DATA:

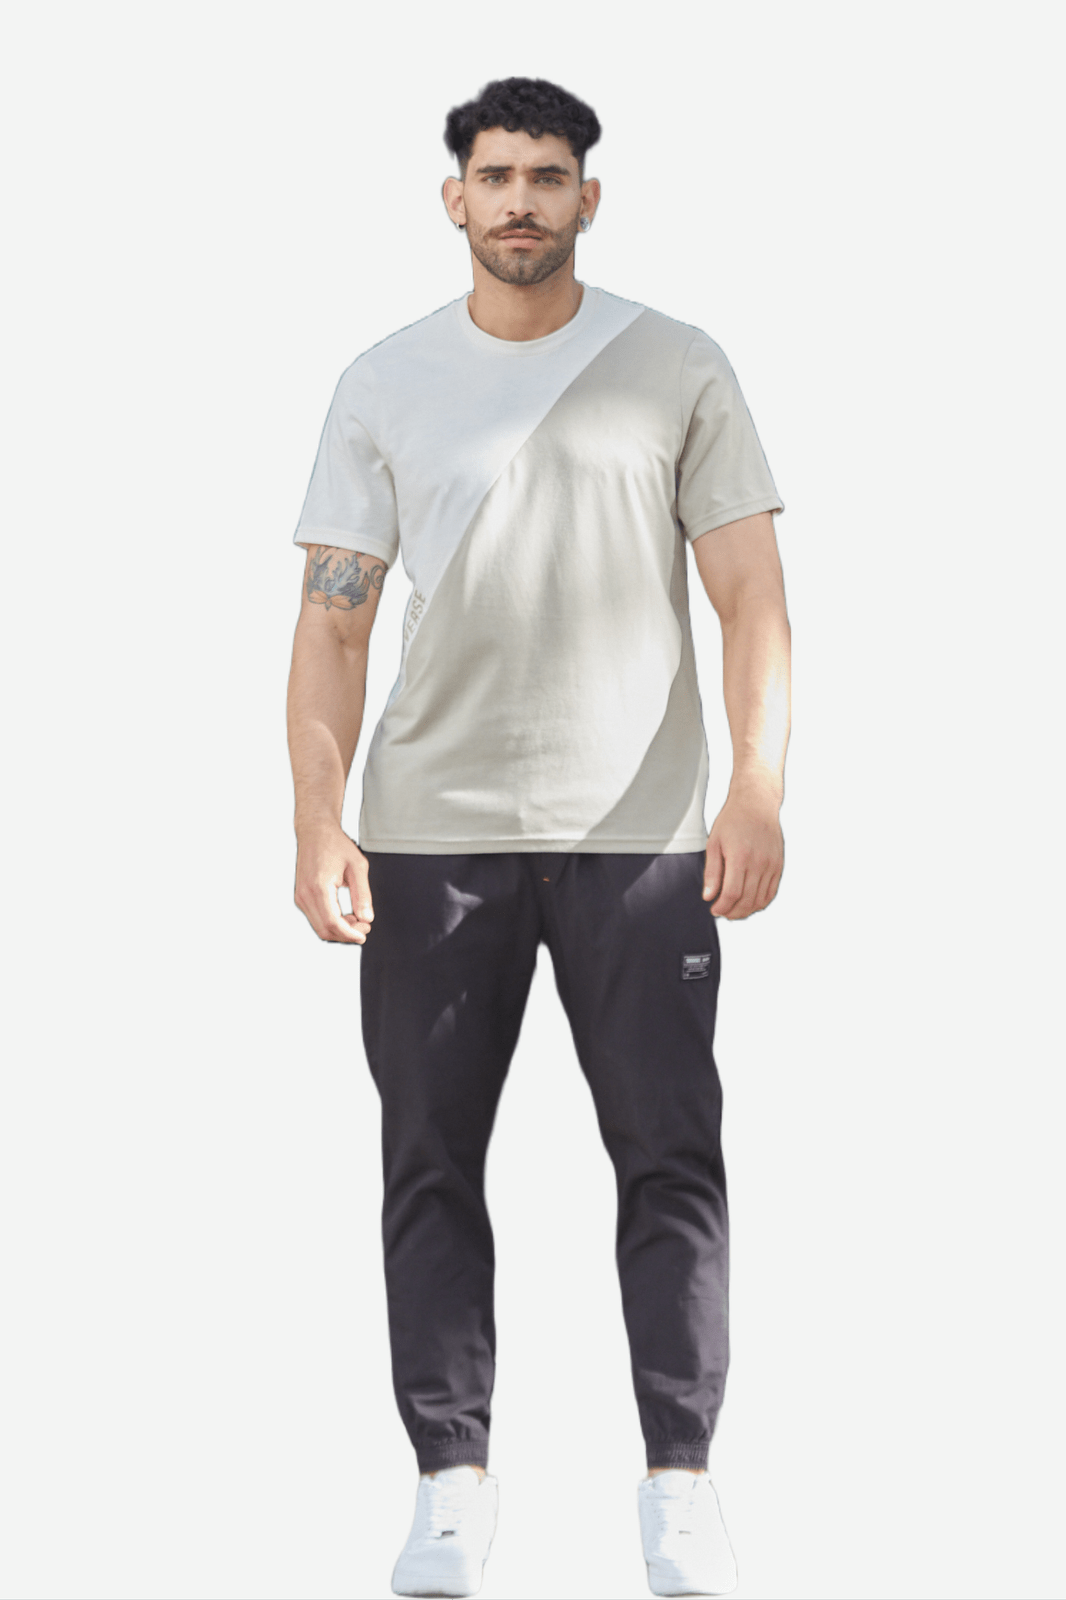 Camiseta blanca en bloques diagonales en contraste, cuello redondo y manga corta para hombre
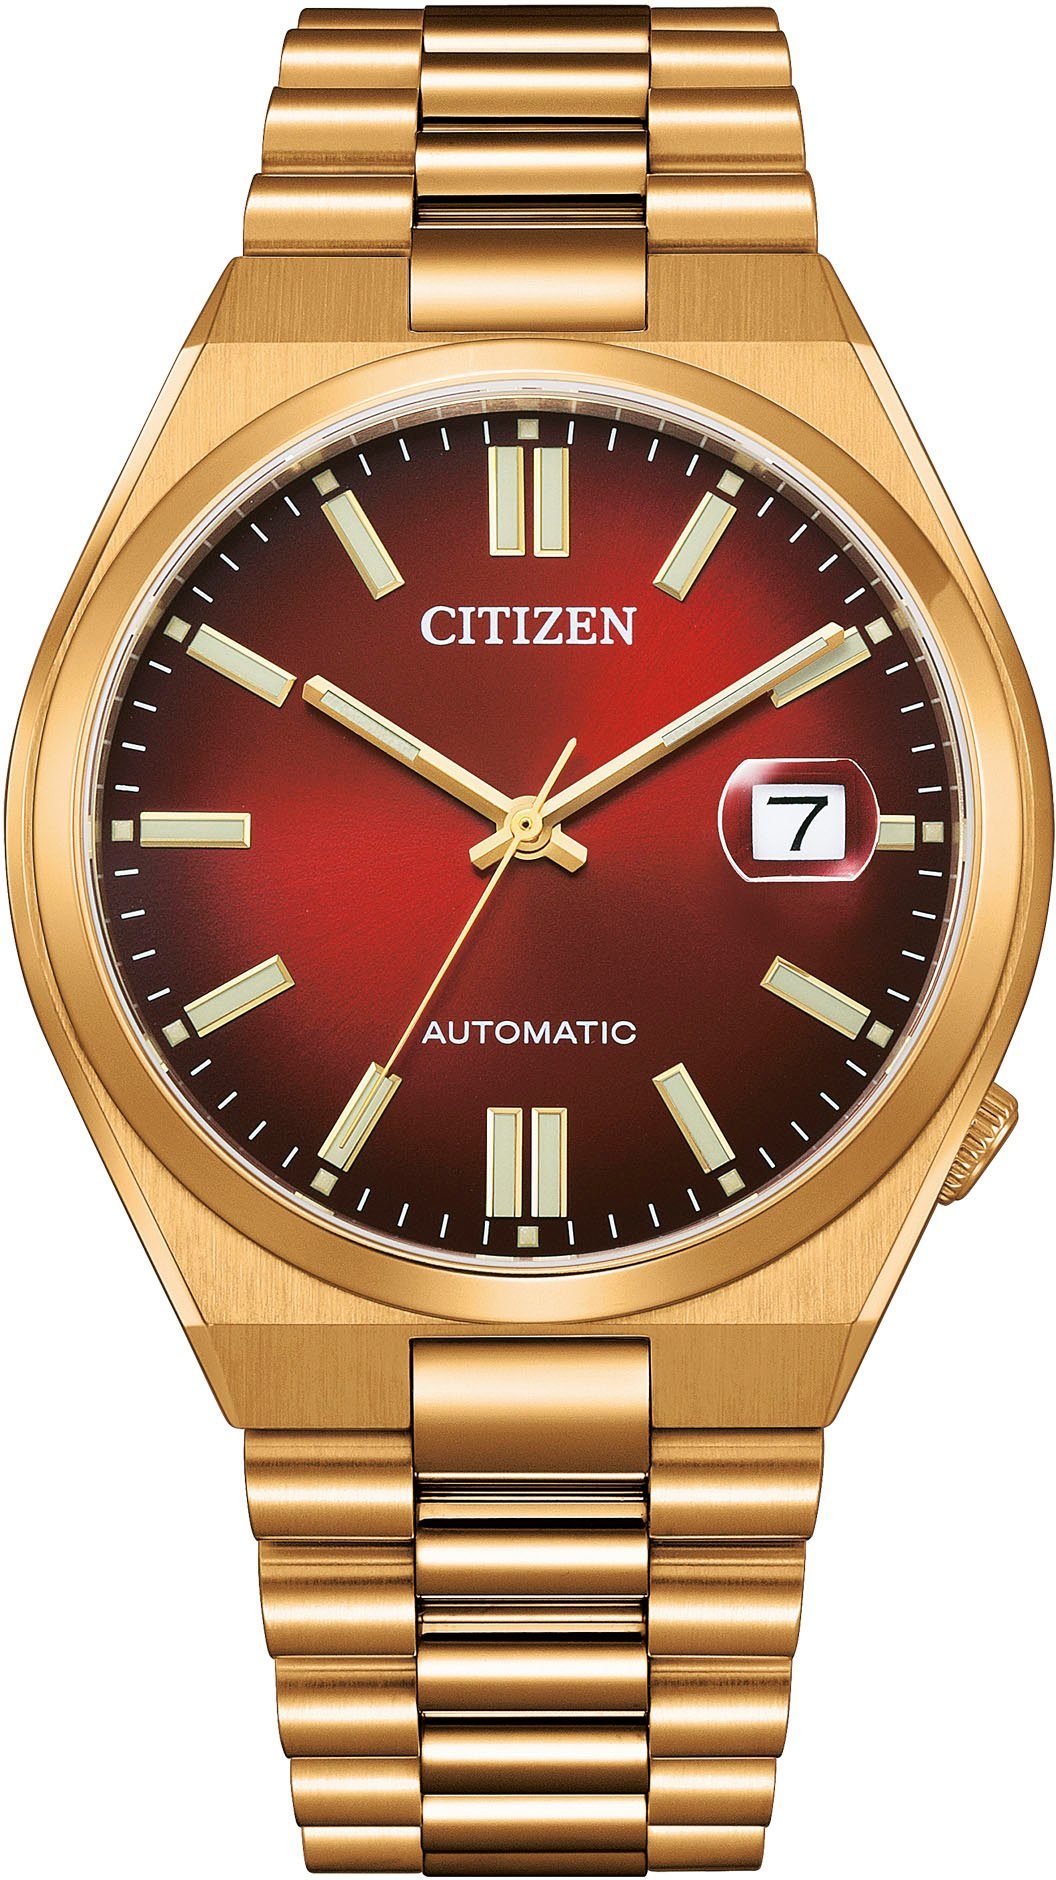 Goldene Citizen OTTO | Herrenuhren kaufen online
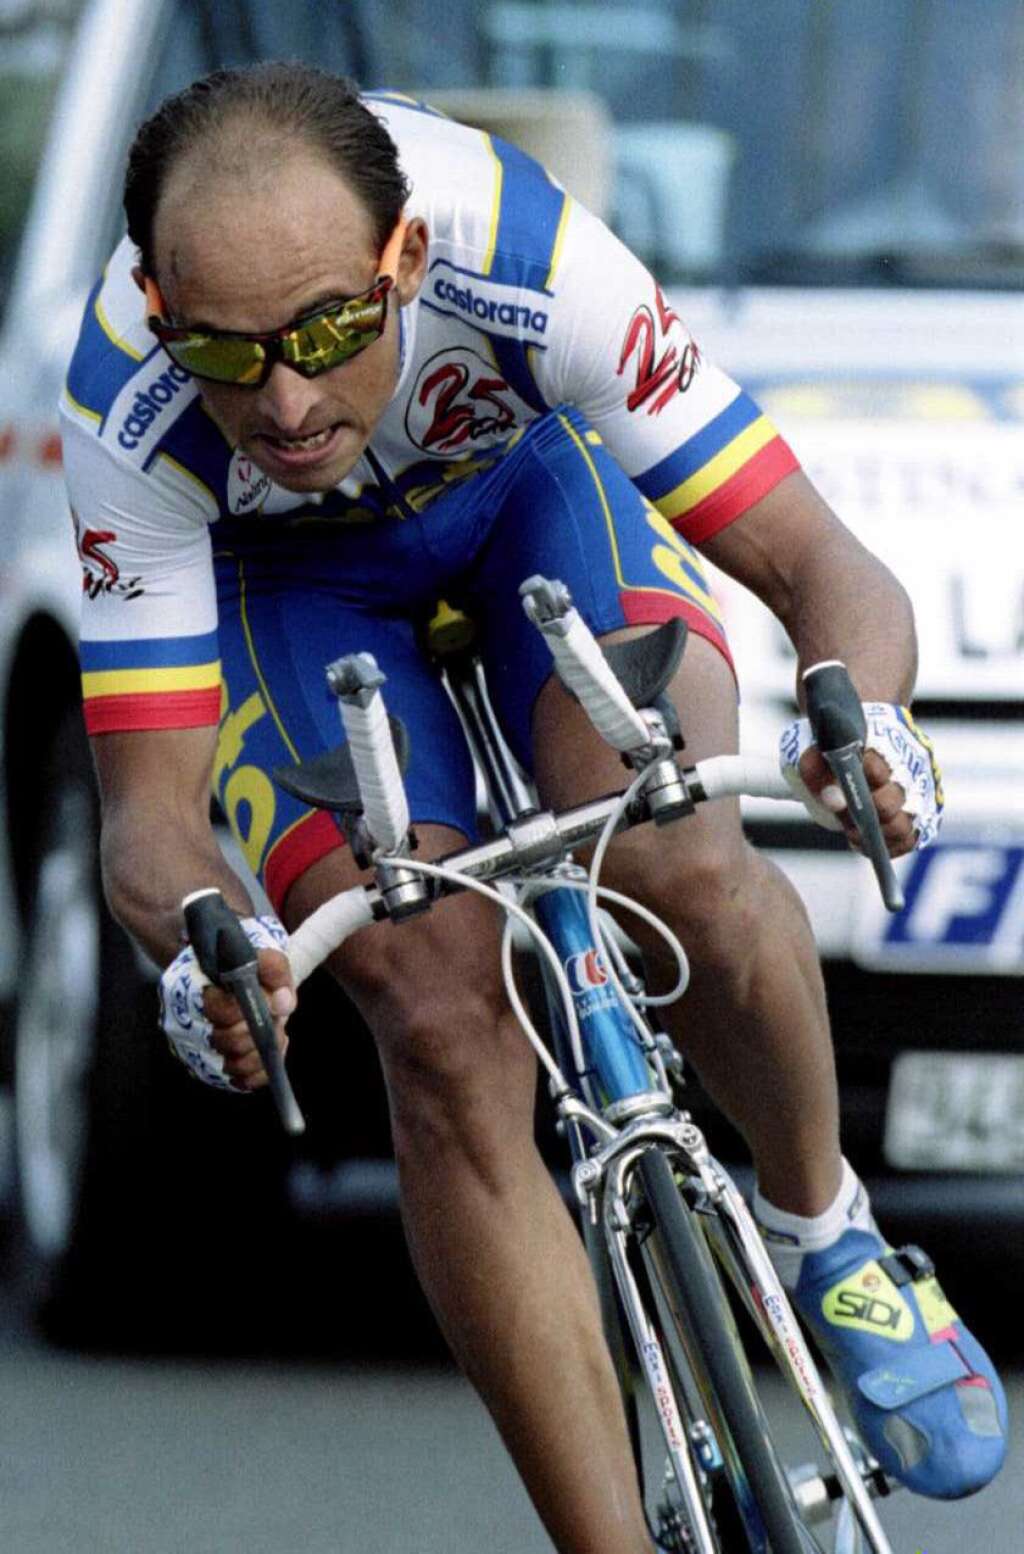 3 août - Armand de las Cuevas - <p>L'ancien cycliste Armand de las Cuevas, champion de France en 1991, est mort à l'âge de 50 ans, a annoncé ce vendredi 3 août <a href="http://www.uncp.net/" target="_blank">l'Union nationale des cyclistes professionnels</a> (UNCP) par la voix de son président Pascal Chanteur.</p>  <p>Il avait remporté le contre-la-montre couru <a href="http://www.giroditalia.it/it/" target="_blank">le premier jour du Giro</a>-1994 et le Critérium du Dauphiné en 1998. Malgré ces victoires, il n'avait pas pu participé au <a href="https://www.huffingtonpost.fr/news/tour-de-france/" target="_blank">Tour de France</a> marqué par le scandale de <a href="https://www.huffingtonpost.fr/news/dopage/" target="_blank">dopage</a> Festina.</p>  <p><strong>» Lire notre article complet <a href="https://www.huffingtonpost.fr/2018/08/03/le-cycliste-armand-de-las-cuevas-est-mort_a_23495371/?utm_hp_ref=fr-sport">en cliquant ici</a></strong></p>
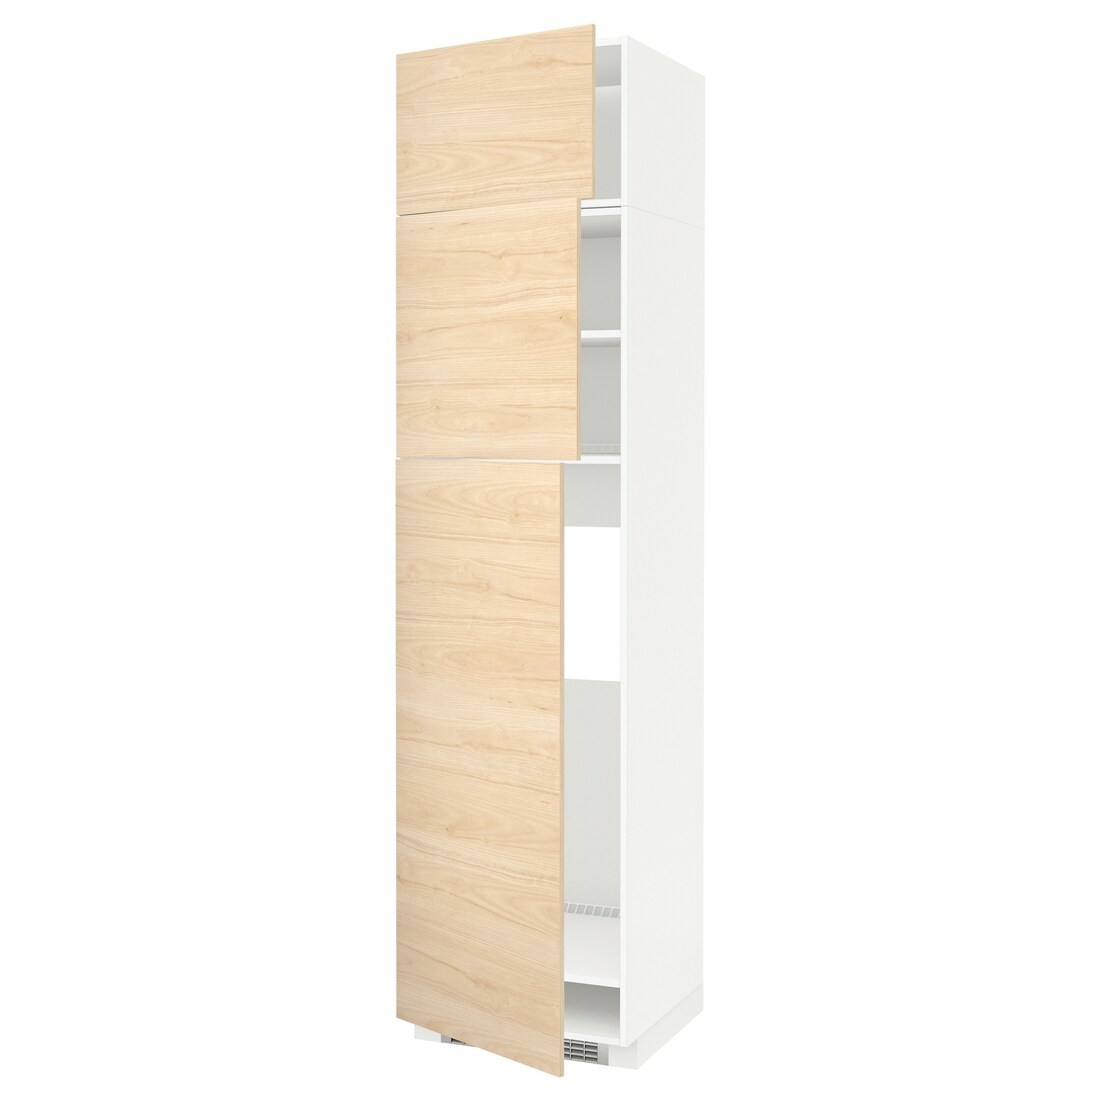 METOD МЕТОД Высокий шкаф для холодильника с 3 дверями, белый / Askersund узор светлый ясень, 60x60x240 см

TASK PROMPT:
Each line from the first line of the material above through the line containing "Goldene Citizen OTTO" is to be reproduced exactly, with both ends kept and pictures left out.

FINISHED EXERCISE:
 Camiseta blanca en bloques diagonales en contraste, cuello redondo y manga corta para hombre
 Goldene Citizen OTTO | Herrenuhren kaufen online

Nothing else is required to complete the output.